Das Rennen in Jerez war das langsamste seit 2012. Was waren die Gründe dafür?
Nicolas Goubert: Das war die direkte Konsequenz aus der für Austin veränderten Reifenkonstruktion, die wir wegen dem Redding-Zwischenfall in Argentinien vornehmen mussten. In Austin lief mit diesem neuen Hinterreifen alles glatt und die Rundenzeiten entsprachen in etwa denen aus dem Vorjahr auf Bridgestone. Also brachten wir diesen Reifen auch nach Jerez, wo die Piste aber um einiges rutschiger war. Unterschiedliche äußere Bedingungen führen natürlich auch zu unterschiedlicher Performance der Reifen. In Jerez beklagten sich deshalb plötzlich alle über ein durchdrehendes Hinterrad. Deshalb war das Rennen in Spanien so langsam. Der Reifen hatte einfach zu wenig Bodenhaftung auf dieser Low-Grip-Strecke.

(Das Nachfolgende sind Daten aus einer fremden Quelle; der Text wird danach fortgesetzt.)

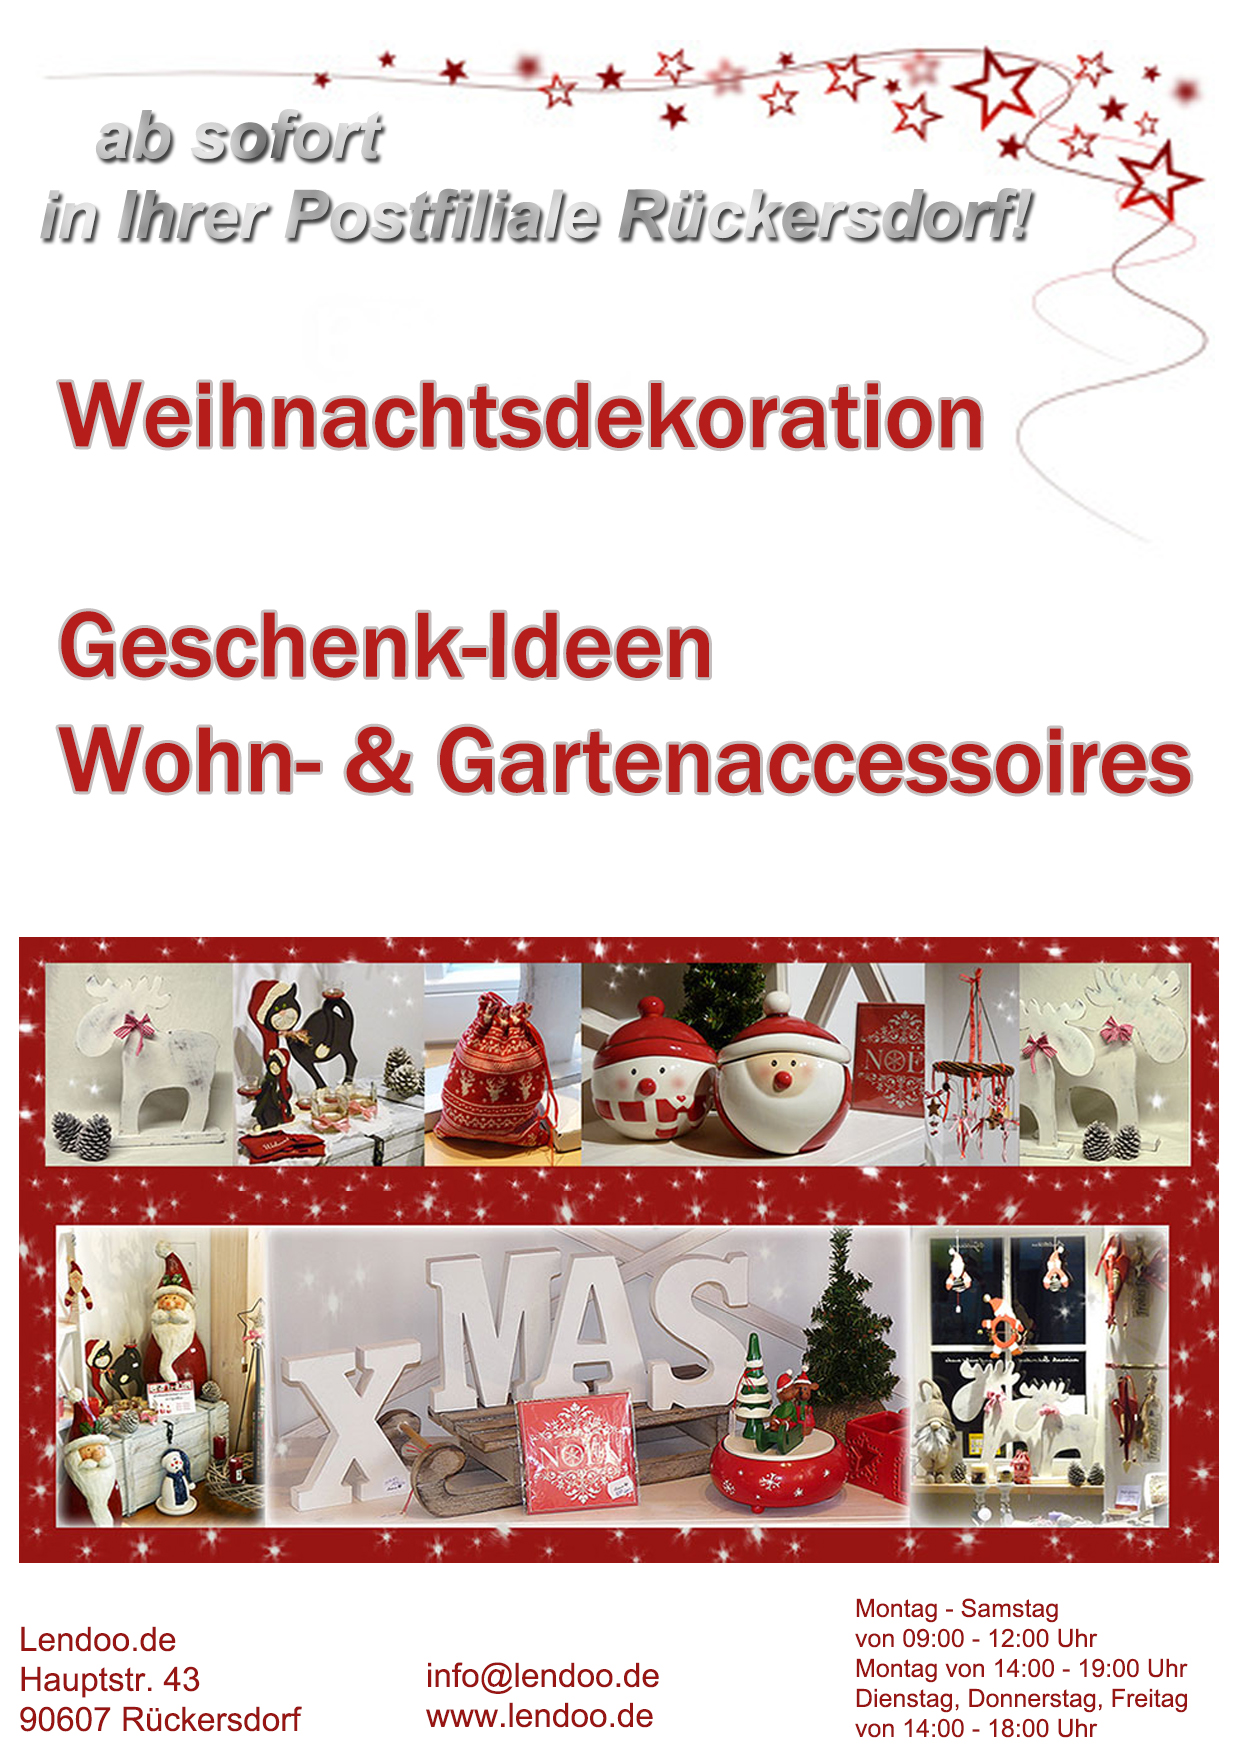 Weihnachtsdekoration in der Postfiliale Rückersdorf

Die neuen Intermediates stoßen im Fahrerlager auf nicht allzu große Freude. Wieso wurde dieser Reifen überhaupt eingeführt?
Nicolas Goubert: Das war eine klare Forderung der Dorna. Die Gründe dafür können wir nachvollziehen: Bei auftrocknender Strecke würde in einem Training niemand rausfahren. Da die Dorna aber auch vermehrt Trainingsübertragungen im Fernsehen forcieren möchte, haben sie uns recht deutlich mitgeteilt, dass sie Intermediates haben wollen.

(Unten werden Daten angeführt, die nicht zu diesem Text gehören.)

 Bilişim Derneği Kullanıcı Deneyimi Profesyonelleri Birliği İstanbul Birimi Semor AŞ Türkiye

Der Reifen kostete Dani Pedrosa in Aragon den Kampf um den Sieg, Foto: Offizieller Dani Pedrosa Fanclub/Facebook
Der Reifen kostete Dani Pedrosa in Aragon den Kampf um den Sieg, Foto: Offizieller Dani Pedrosa Fanclub/Facebook

Dennoch setzen die Fahrer sie kaum ein. Im ersten Training in Mugello herrschten zum Beispiel perfekte Intermediate-Bedingungen. Dennoch sagte etwa Marc Marquez, dass er nicht der Erste sein wollte, der diesen Reifen testet und deshalb erst gar nicht raus fuhr. Wieso verschmähen die Fahrer diesen Reifen?
Nicolas Goubert: Die Piloten kennen den Reifen leider noch nicht. Generell ist es sehr schwierig, unter Intermediate-Bedingungen eine MotoGP-Maschine um eine Strecke zu bugsieren. Da lässt sich niemand auf gefährliche Spielchen ein, erst recht nicht, wenn es sich um ein Training handelt. Ich kann mir aber durchaus vorstellen, dass wir diesen Reifen in den kurzen Qualifyings unter den entsprechenden Bedingungen noch sehen werden. Das Problem in Rennen mit schlechter Wetterprognose ist hingegen, dass man ja nur zwei Motorräder zur Verfügung hat und im Regelfall eines mit Trocken- und das andere mit Regen-Setup. Auf welches sollte man also den Intermediate aufziehen?

Bei der Forderung nach Intermediates hat die Dorna die Rechnung wohl ohne den Wirt gemacht - in diesem Fall also die Fahrer. Wie wichtig ist das Feedback der Fahrer bei der Weiterentwicklung der Reifen? Ist das persönliche Feedback wichtiger oder die reinen Daten, die Michelin ohnehin selbst sammelt?
Nicolas Goubert: Für uns ist das Feedback der Fahrer definitiv wichtiger. Beim Motorradfahren hat das subjektive Empfinden eines jeden Einzelnen sofort Einfluss auf die Rundenzeit. Wenn sich ein Fahrer auf seinem Bike nicht sicher fühlt, kann er auch nicht schnell sein. Wir nehmen uns die Rückmeldungen aller Fahrer daher sehr zu Herzen, müssen aber in einem zweiten Schritt natürlich in den Daten nachschauen, ob wir erkennen können, was der Fahrer gemeint hat. Für uns hängt die Entwicklung der Reifen von einem Zusammenspiel der Faktoren Profil, Innenkonstruktion und Gummibelag ab. Das müssen wir unter einen Hut bekommen und das geht am Ende ohnehin nur mit einem Kompromiss aus allen drei Faktoren.

Welche Headline würden Sie gerne am Ende der Saison über Michelin lesen?
Nicolas Goubert: Michelin 2016 - ein geglücktes Comeback!